Sepulang dari Yogyakarta, Saya, Hanafi dan Dewi mulai merekrut kawan-kawan Muslim dan membuka Posko TIRUS di Ruko Batu Merah, ketika itu masih di Blok F. Disana bergabung Linda Holle, Iksan Mahu, Ruslan Latuconsina, Biduran Kaplale dan lain-lain. Posko Ruko Batu Merah memang sengaja dibuka untuk menggampangkan akses ke kamp-kamp yang dihuni pengungsi Muslim, karena ketika itu Posko TIRUS sudah pindah ke rumah Ansye Sopacua di  Passo.
            Kerja dalam eskalasi konflik Maluku yang terus meninggi terkadang membuat risau para relawan.
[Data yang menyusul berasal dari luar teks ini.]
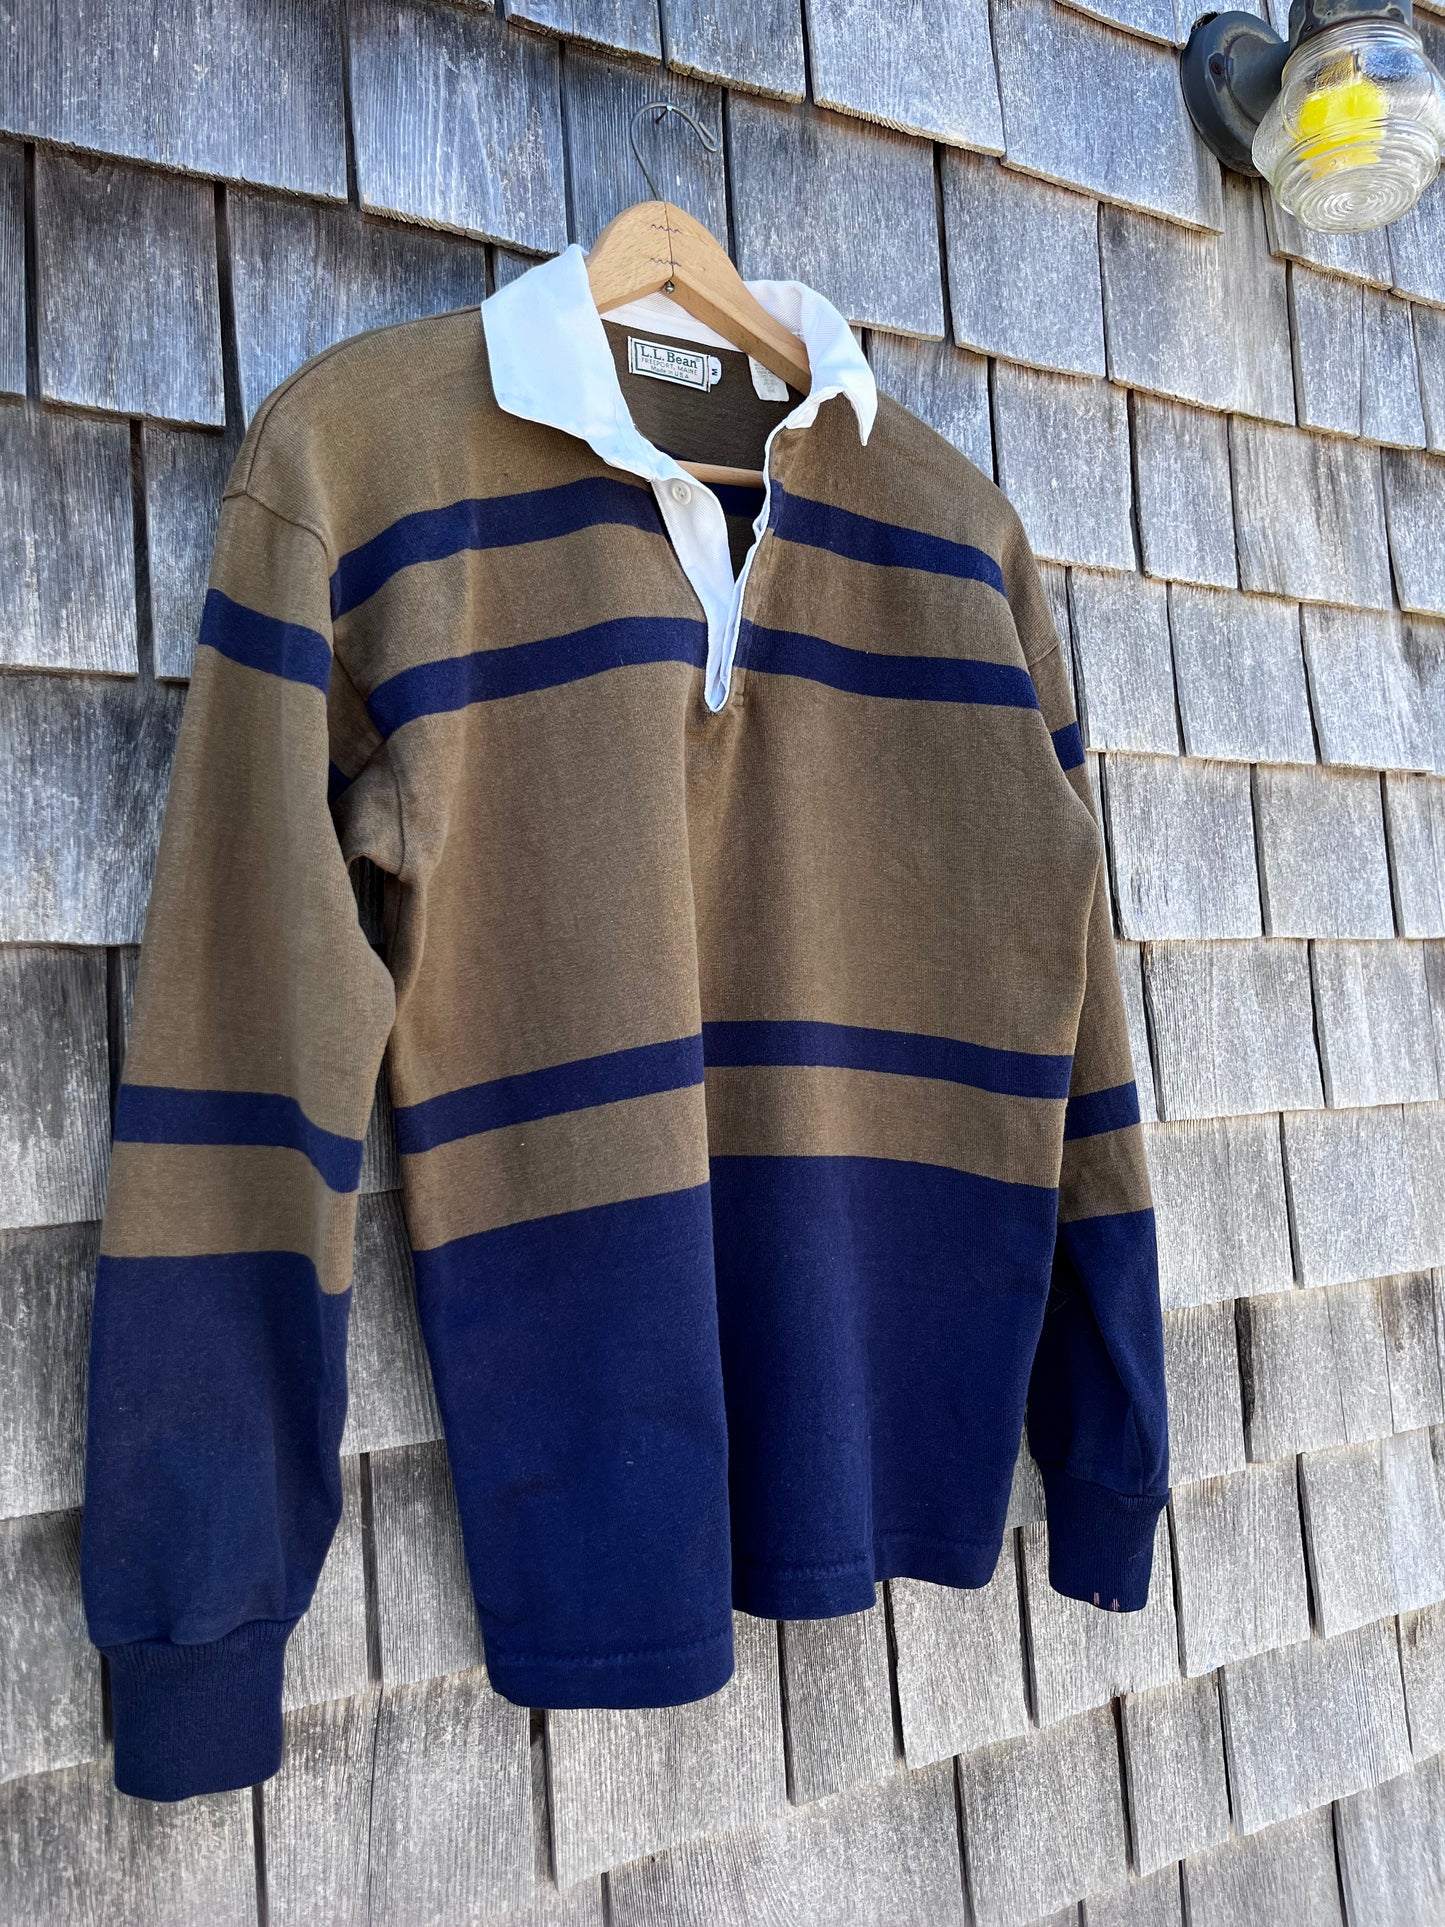 90s L.L. Bean Rugby Shirt OD Green/Navy Medium/Large

Misalnya, ketika relawan sedang berkumpul di Passo, tiba-tiba meletus konflik  dan suasana kota mencekam, relawan Muslim berbisik kepada Saya. “”Abang, katong aman ka seng ?” begitulah mereka mengungkapkan kegelisahan. Saya pun selalu  menjamin bahwa kami aman. Tetapi supaya keamanan itu seratus persen, kami terpaksa harus kembali ke Posko Ruko Batu Merah. 
Bahkan agar menghilangkan ketegangan, kadang-kadang saya punya ide-ide aneh yang bikin kawan-kawan mau-tidak mau harus tertawa.  Misalnya suatu waktu ketika kami hendak menghadiri pertemuan relawan di Passo, sementara pada saat itu situasi agak memanas. Saya lantas meminta Iksan Mahu salah satu relawan Posko Ruko Batu Merah untuk mengecat dua buah gagang sapu dengan cat warna hitam.
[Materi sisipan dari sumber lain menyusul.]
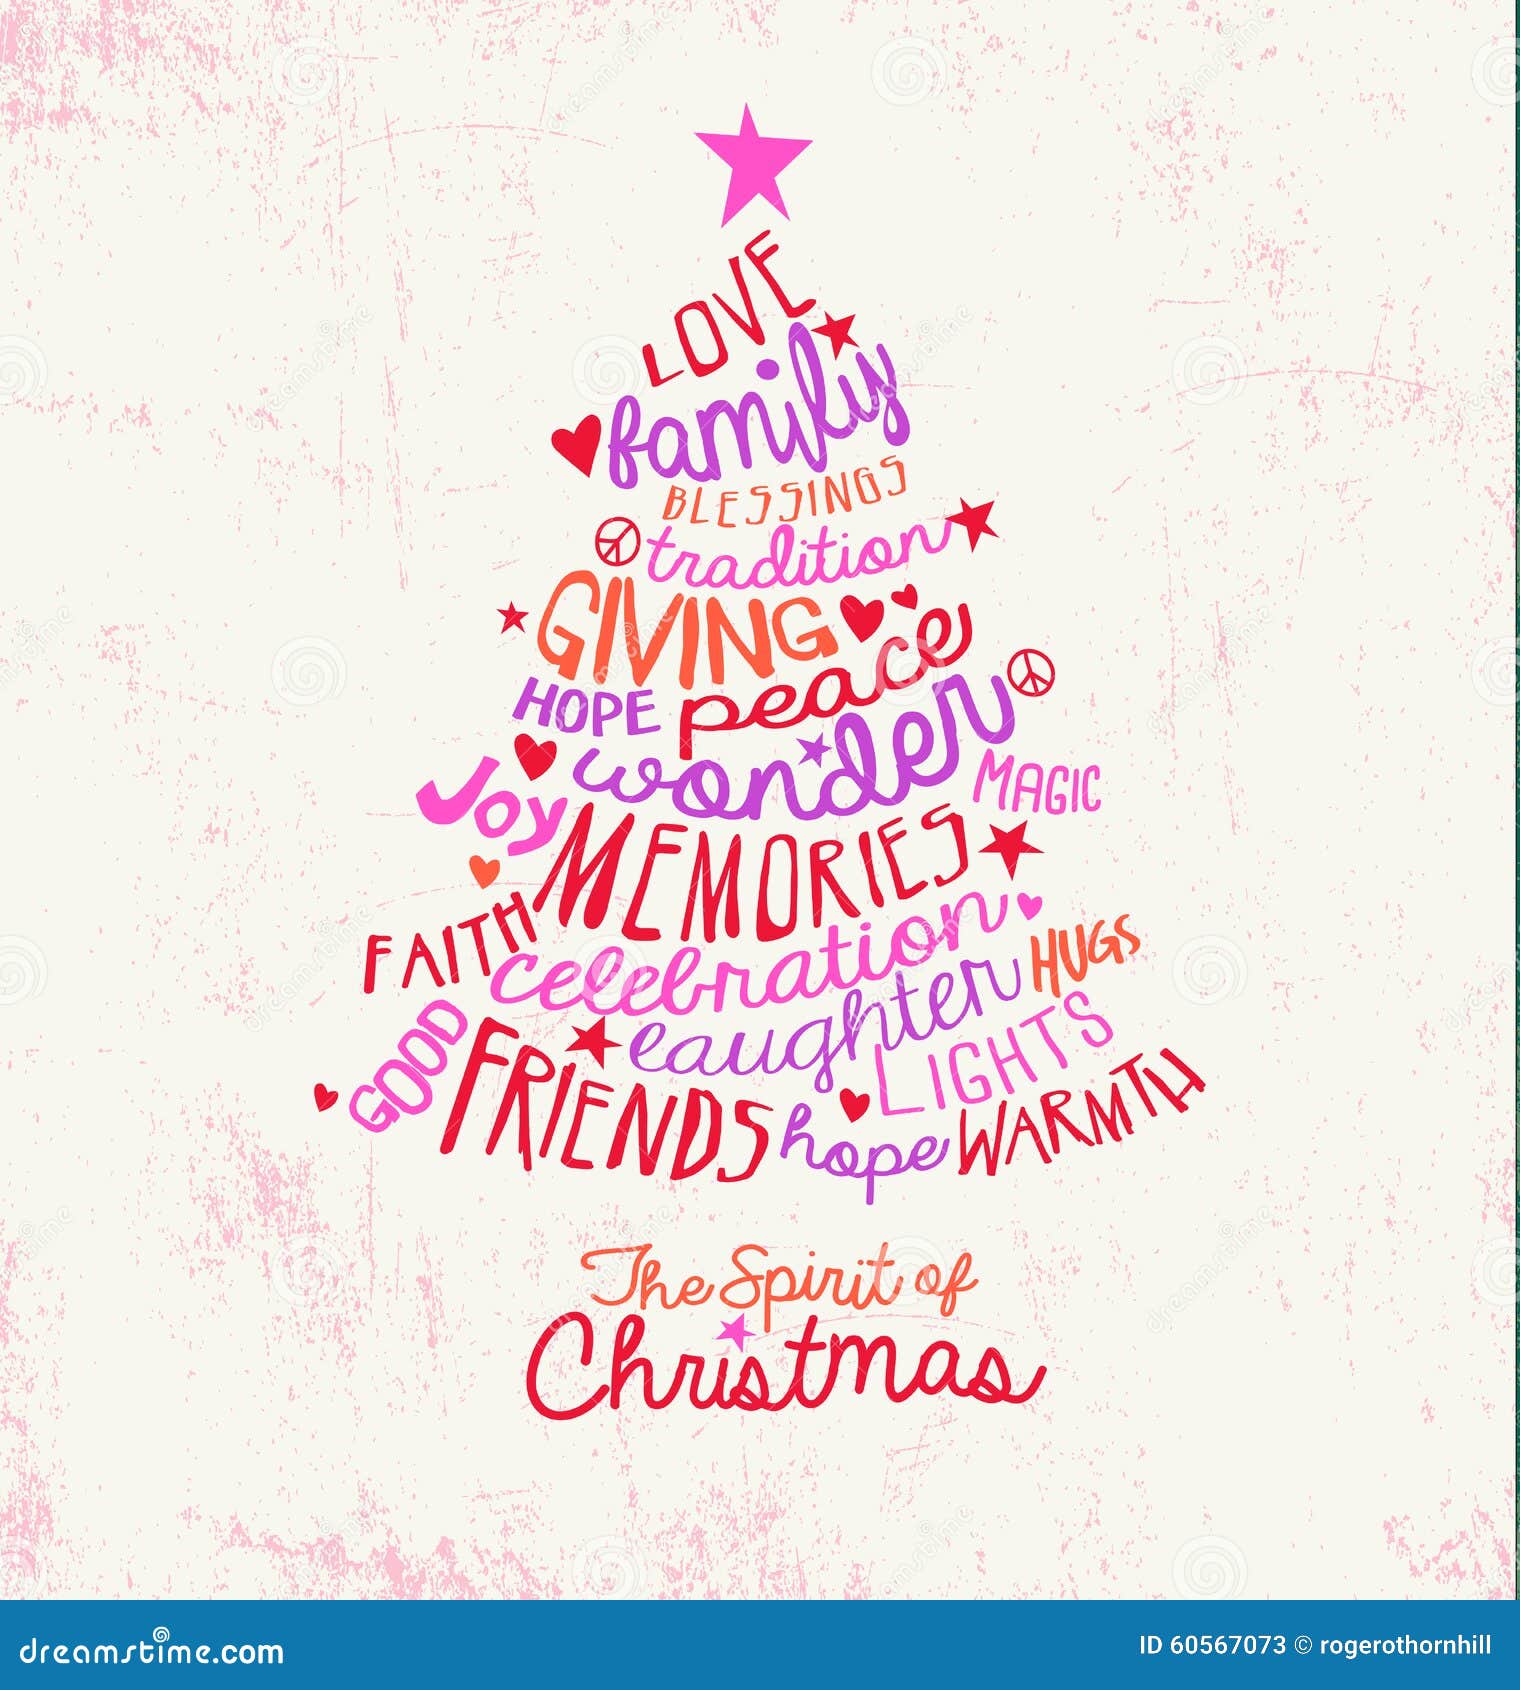 Handwritten Word Cloud Christmas Tree Greeting Card Design

Ketika dalam perjalanan menuju Passo saya lantas meminta kawan-kawan untuk menurunkan sedikit kaca mobil dan mengeluarkan ujung kedua gagang sapu itu seolah-olah laras senapan. Kebetulan kaca mobil gelap sehingga orang dari luar tidak bisa melihat ke dalam. Kontan saja suasana di dalam mobil yang tadinya tegang berubah menjadi cair. Ada yang tertawa ada yang senyum-senyum kecil.
Suatu hari sepulang dari Passo, terjadi bentrokan antar warga, di Batu merah bawah, sebuah angkot dihadang massa. Begitu kami tiba, yang pertama saya lihat adalah empat orang sedang dikerumuni warga dan seorang pemuda sudah babak belur. Kontas saya meminta Fadli Wasahua untuk berhenti. Saya kemudian menyeruak diantara kerumunan dan berteriak stop-stop. Kawan-kawan relawan pun menyusul. Kami kemudian terlibat adu mulut dengan massa. Saya menyeret pemuda yang babak belur itu ke dalam mobil diikuti teman-teman lain yang juga membawa seorang ibu dan dua anak perempuan susia SMA. 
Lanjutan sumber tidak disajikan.